Still, the hitting doesn’t concern nearly as much as locking down the fifth starter role, which was a curse for the Sox prior to 2005.  It looks like it’s going to be newcomer John Danks, who came over from the Rangers in the McCarthy trade.  Also, with Garcia gone, there is a ripple effect where Javier Vasquez and Jon Garland each move up a spot in the starting rotation, and with how Vasquez has been particularly shaky after the pretty much the fifth inning of every game, that’s not a prospect that warms my heart.  The bullpen should be in decent shape with Mike MacDougal in a setup role, but Bobby Jenks needs to get back to the form that he showed in the second half and postseason of 2005.

All of that being said, the White Sox are still a pretty good team overall.  If Danks is able to step in and at least eat innings in the fifth starter spot and Jenks is consistent enough at closer, I think the Sox will make it to the postseason.  In the rest of the American League Central Division, I believe that the Detroit Tigers are headed for a significant drop-off this season with another year tolled on you’ve got to know when to hold ’em Kenny Rogers and the ever-expanding waistline of Todd Jones.  However, the Cleveland Indians seriously scare me.  Assuming that they avoid further injuries to their starting rotation, I think they’ll recover from last season’s setback and be the biggest challenge once again.  I always seem to discount the Minnesota Twins every year and then they subsequently find some way to get to the playoffs again (where they are promptly tossed aside in the division series), but I don’t see it happening for them this year with Francisco Liriano’s injury and Brad Radke’s retirement setting the team’s pitching staff back.  Granted, Johan Santana is a pitching genius, yet just having an ace is not going to be enough.  Meanwhile, the Kansas City Royals are finally going to make their move to the Pacific Coast League this season.  So, all in all, I believe the AL Central in 2007 is going to end up looking like the AL Central in 2005.

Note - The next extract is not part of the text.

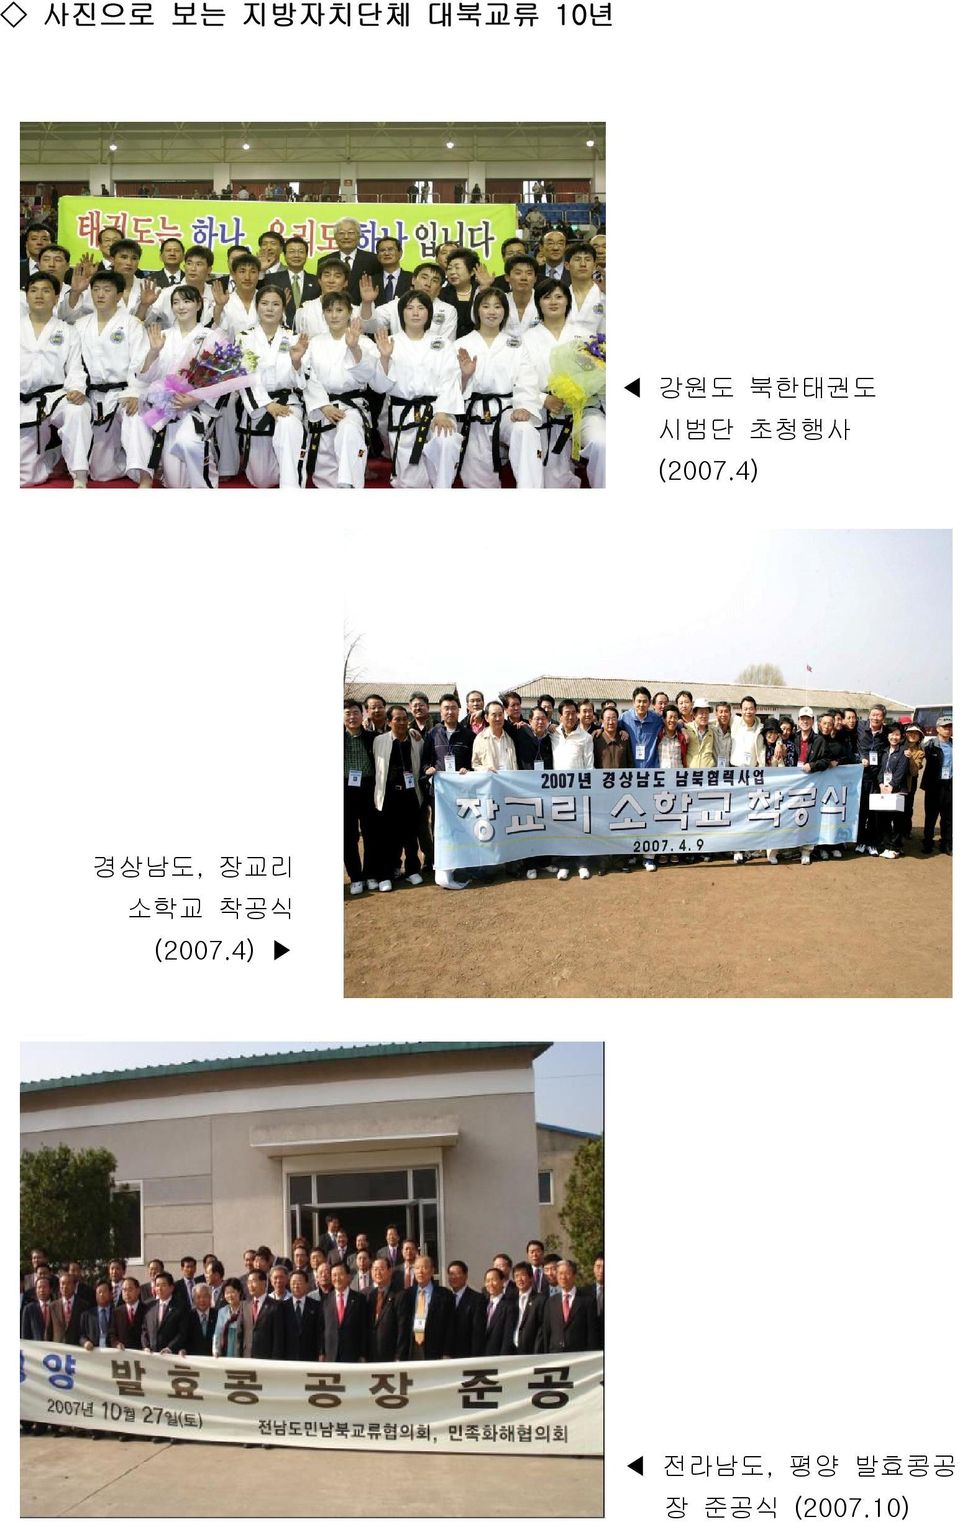 4) 경상남도, 장교리 소학교 착공식 (2007.

(2) Lou and the Fonz – I’m extremely excited to see Ozzie Guillen go head-to-head with Lou Piniella when the Sox and Cubs meet up this summer.  If it wasn’t for the stoic presence of Lovie Smith, Chicago would be considered the center of combustible sports coaches with the presence of Ozzie, Lou, and Scott Skiles.  Piniella, however, can only do so much for the Cubs.  More interesting was the spending spree by the club highlighted by the signing of Alfonso Soriano to a two-decade contract worth just under a billion dollars.  Seriously, though, the top of the Cubs’ batting order will be a monster with Soriano, Derrek Lee, and Aramis Ramirez in the mix.  Whether any of their outfielders will be able to catch any routine fly balls, however, is an entirely different matter.  Plus, for all of the money that the Cubs have blown this offseason, their pitching staff still pretty much sucks save for Carlos Zambrano.  Jason Marquis and Ted Lilly?  Really?

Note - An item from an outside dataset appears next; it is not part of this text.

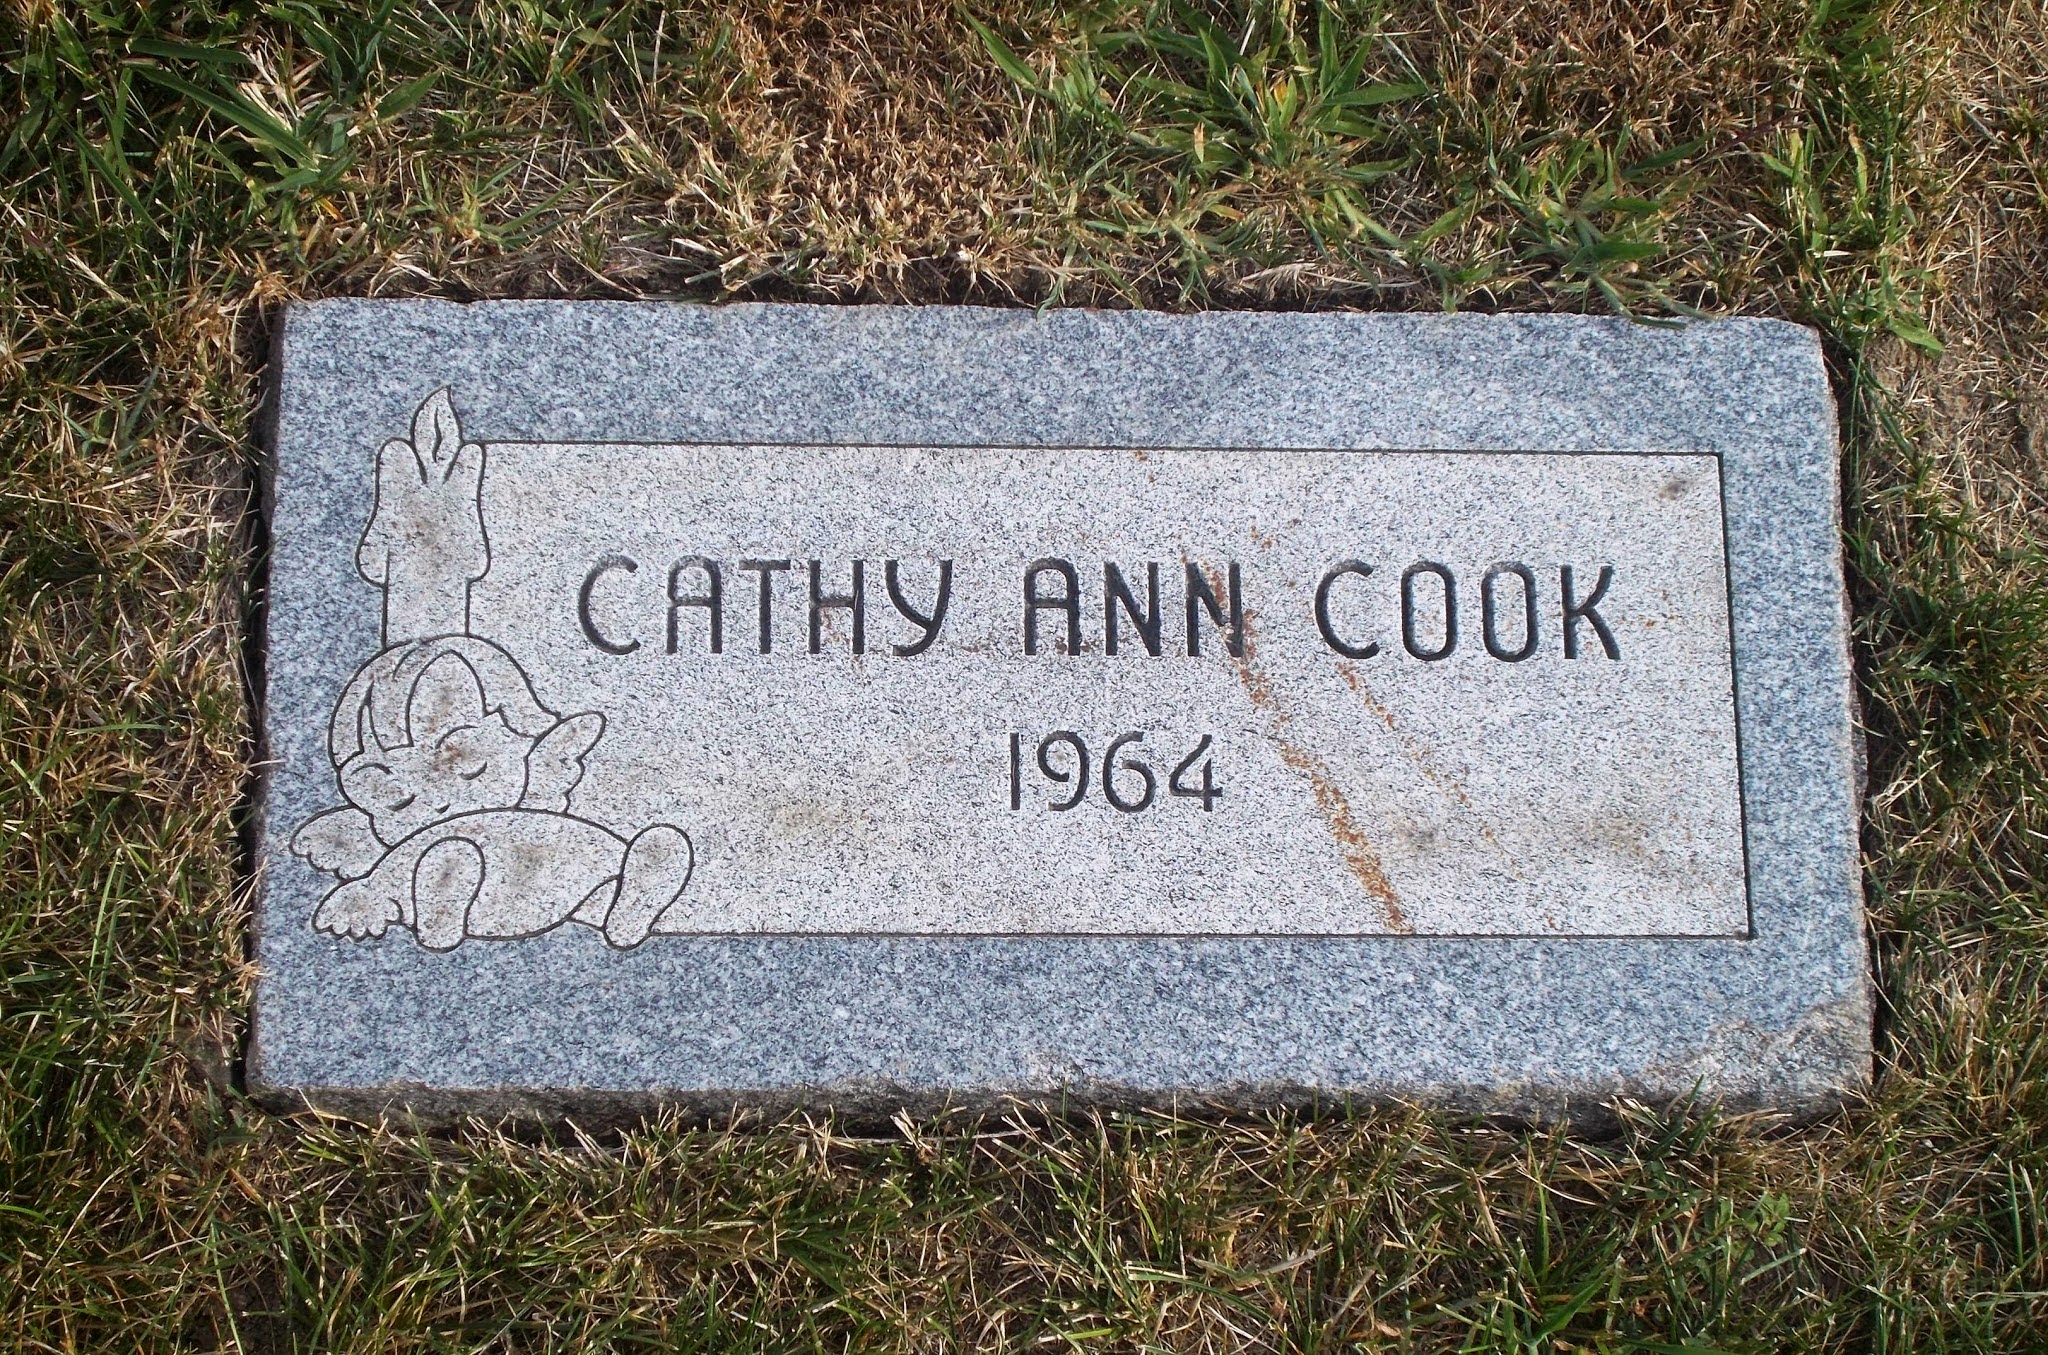 Cathy Ann Cook

The only saving grace for the North Siders is that it’s entirely conceivable that they can bash in enough runs to win in a severely depleted National League Central Division.  Last season’s World Series championship by the Cardinals was an exercise in a team getting hot at exactly the right moment for three weeks in October as opposed to having the apparatus in place to have multiple seasons of success.  When a team is lamenting the loss of Jeff Weaver, of all people, you know that the situation is fragile, particularly on the pitching front.  The Houston Astros still have Roy Oswalt and a solid bullpen, but without Andy Pettitte and presumably Roger Clemens (I hope that ESPN spares us the wall-to-wall coverage of his minor league tuneups in June this year), this is a shell of the club that made it to the World Series only two tears ago.  Chicago’s beer guzzling and sausage race loving neighbors to the north in Milwaukee are an intriguing team to me.  With Ben Sheets, Chris Capuano, and Jeff Suppan in the starting rotation along with Prince Fielder and my personal fantasy baseball favorite Bill Hall (35 HR/85 RBI last year for a player who qualifies at 2B, SS, 3B, and OF – I love that guy) , the Brewers might actually be the most balanced team in the division.  The Cincinnati Reds could surprise some people with Aaron Harang as the ace and Adam Dunn doing his best impression of a mid-90s Sammy Sosa by either blasting a home run or striking out swinging at balls in the dirt, with absolutely nothing in between.  (Steve Phillips actually used his meathead to pull up a fascinating stat this week: Dunn has had a grand total of 12 sacrifice flies in 5 full seasons, while the Twins’ Justin Morneau had 11 sac flies just last year)  Finally, the Pittsburgh Pirates will be joining the Royals in the Pacific Coast League.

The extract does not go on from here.